ABOUT THIS TASK >> From the records below, set down exactly the lines starting with the line that contains "Video lesson of" and going on through the line that contains "This is the". Nothing else is wanted.

DATA EXTRACTS >>
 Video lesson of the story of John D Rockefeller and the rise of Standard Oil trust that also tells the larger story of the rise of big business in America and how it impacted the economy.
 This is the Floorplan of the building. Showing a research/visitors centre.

---

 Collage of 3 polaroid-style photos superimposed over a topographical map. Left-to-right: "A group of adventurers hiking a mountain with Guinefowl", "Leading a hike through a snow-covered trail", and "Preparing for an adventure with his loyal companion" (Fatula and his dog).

ANSWER SPACE >>
 Video lesson of the story of John D Rockefeller and the rise of Standard Oil trust that also tells the larger story of the rise of big business in America and how it impacted the economy.
 This is the Floorplan of the building. Showing a research/visitors centre.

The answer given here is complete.